Thank you so much to Text Publishing for sending me a copy of ‘One Day, Everyone Will Have Always Been Against This’ in exchange for an honest and human-written review.

Omar El Akkad, author of One Day, Everyone Will Have Always Been Against This

It might have been a day after I started reading One Day, Everyone Will Have Always Been Against This by Omar El Akkad when I decided to look at what some other reviewers were saying, mostly to see if everyone else was enjoying the book as much as I was (something something confirmation of taste). This is where I stumbled upon a one-star review where the reviewer claimed to have stopped reading after page 37 for a litany of reasons, with one major reason being that they claimed Omar El Akkad was promoting the false “beheaded babies” narrative that was propagated by the Israeli government in the early days of the war on Gaza. Fortunately for my ego, I had already read beyond page 37, in fact, to my recollection, I had actually read up to page 47 (some eye-witnesses may say page 48), so not only did I know that this reviewer was incorrect in their assertion, I also knew that they were an idiot were not properly engaging with the text like they should’ve been. Without giving too much away, this particular section of the book is actually about how western media outlets took this Israeli propaganda and ran with it without fact-checking. You can find this part of El Akkad’s analysis on page 38, but this reviewer wouldn’t have seen it as they stopped reading at page 37.

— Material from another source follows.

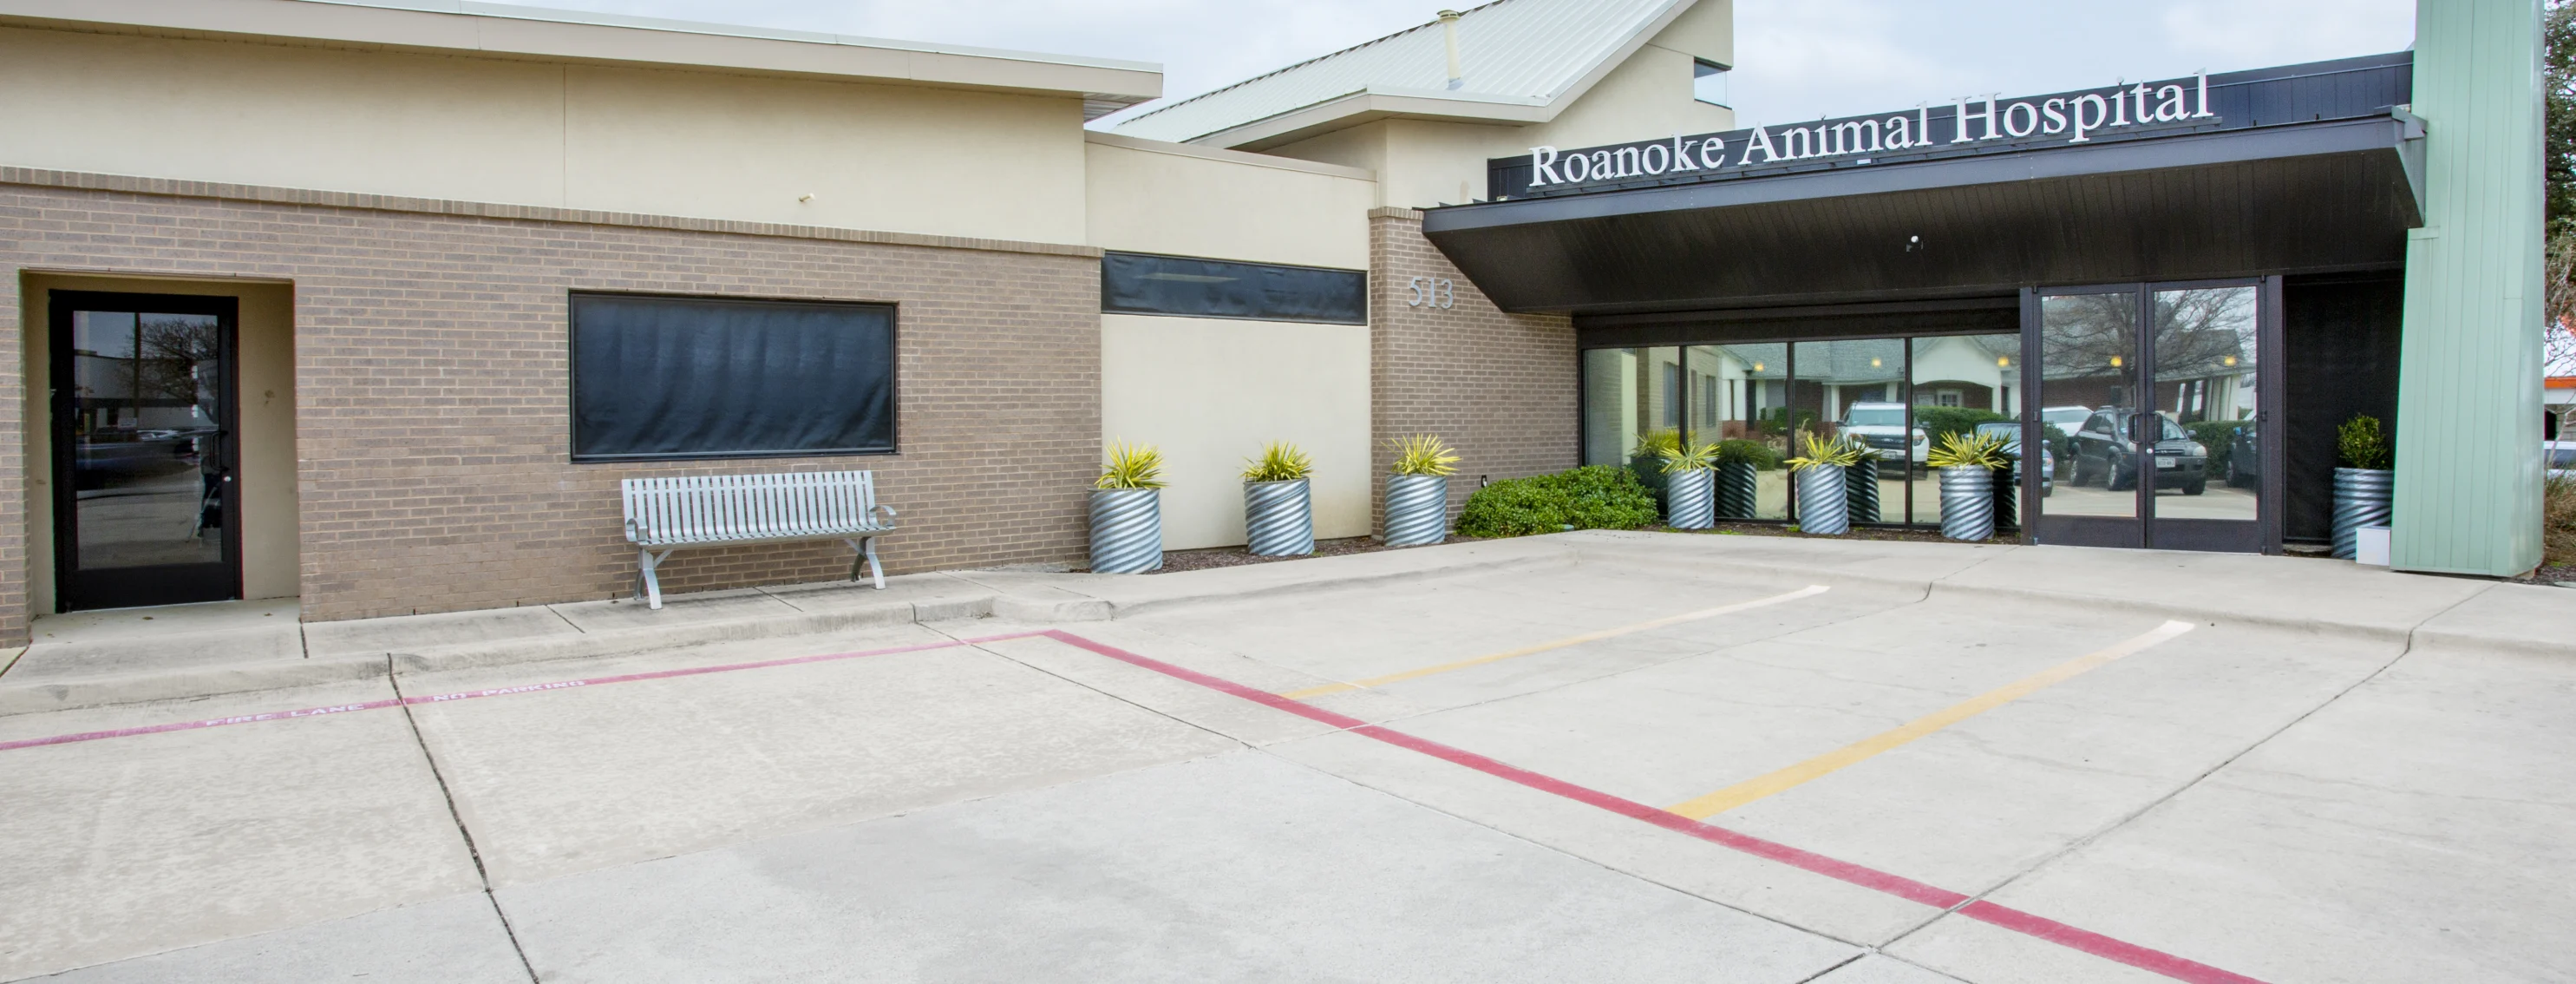 Roanoke Animal Hospital facility entrance

I found this particular almost anti-intellectual engagement with El Akkad’s book fascinating (and frustrating) because the world as a whole seems to be becoming more aware of the dissonance between what we know to be true and what we are told to be true. It’s a dissonance that has always existed, bubbling under the surface where it can be comfortably ignored by those with power and privilege, and those who benefit from those with power and privilege. Having now finished it, El Akkad’s book truly is a tour-de-force that confronts this dissonance with complete honesty and brevity, and yet this one-star-reviewer proves that as much of a confrontation as it is, One Day… is not immune to the confusion of truth that the powerful and the privileged rely on to justify war and occupation. By not being able to properly engage with the book, this reviewer (without realising it) used their own mishandled pro-Palestinian politics to muddy the waters by claiming that this book was not pro-Palestinian enough for them. (By the way, from what I could gather, yes, this reviewer was and remains to be White).

 

Now, I’m not going to sit here and say that my engagement and review of El Akkad’s book is an exemplar, but it’s not incorrect. I found El Akkad’s approach to his commentary on the war in Gaza to be truly fascinating. He frames it with memoir-like passages – on his father, his ethnicity, his daughter, his career – in a way that could be misinterpreted by other readers (and actually was by the one-star-reviewer) as a ‘self-centring’ of the genocide in Gaza. This, however, is not the case as El Akkad’s framing highlights to the reader that they, along with him, and every other person who has been involved with this conflict, are human. This framing ensures that we as the reader have a deeply human response to the atrocities he is writing about, grounding and contextualising his perspective as a Middle-Eastern journalist in a way that gives us something to hold on to. Many readers, including myself, will never have experienced anything close to what has happened and continues to happen in Gaza (and all of Palestine for that matter), so this personal relatability is integral. We must be able to somehow relate our own familial grief, or our own grievances with our peers, to Palestine, especially when the age of the internet demands our focus to be on statistical numbers and neutral statements and passive-voice headlines in an attempt to dehumanise victims of war. It isn’t enough to acknowledge the genocide, we must feel it too. 

 

Unfortunately (or perhaps fortunately) the review has since been taken down, with the reviewer’s star rating remaining without explanation. I can imagine they took down the review after dozens of comments from other readers, mine included, called them out on their inaccuracy and pleaded with them to actually read the book in earnest. Or perhaps they were sick of reading comments saying that they were wrong, finding it easier to disengage and remain ignorant of their own poor analysis rather than properly reflecting and engaging with critique of their critique. It’s funny, because El Akkad has a chapter in his book dedicated entirely to writer’s like this, but it came well after page 37 so this reviewer never would’ve seen it.

Despite this piece turning into a review of a reviewer, I want to be clear: I adored this book. I found El Akkad’s sharp yet empathetic writing to be attention-grabbing, and his intense clarity held me closely and tightly as though I wasn’t reading his words but rather his mind. I think this is the most important book to be published in 2025.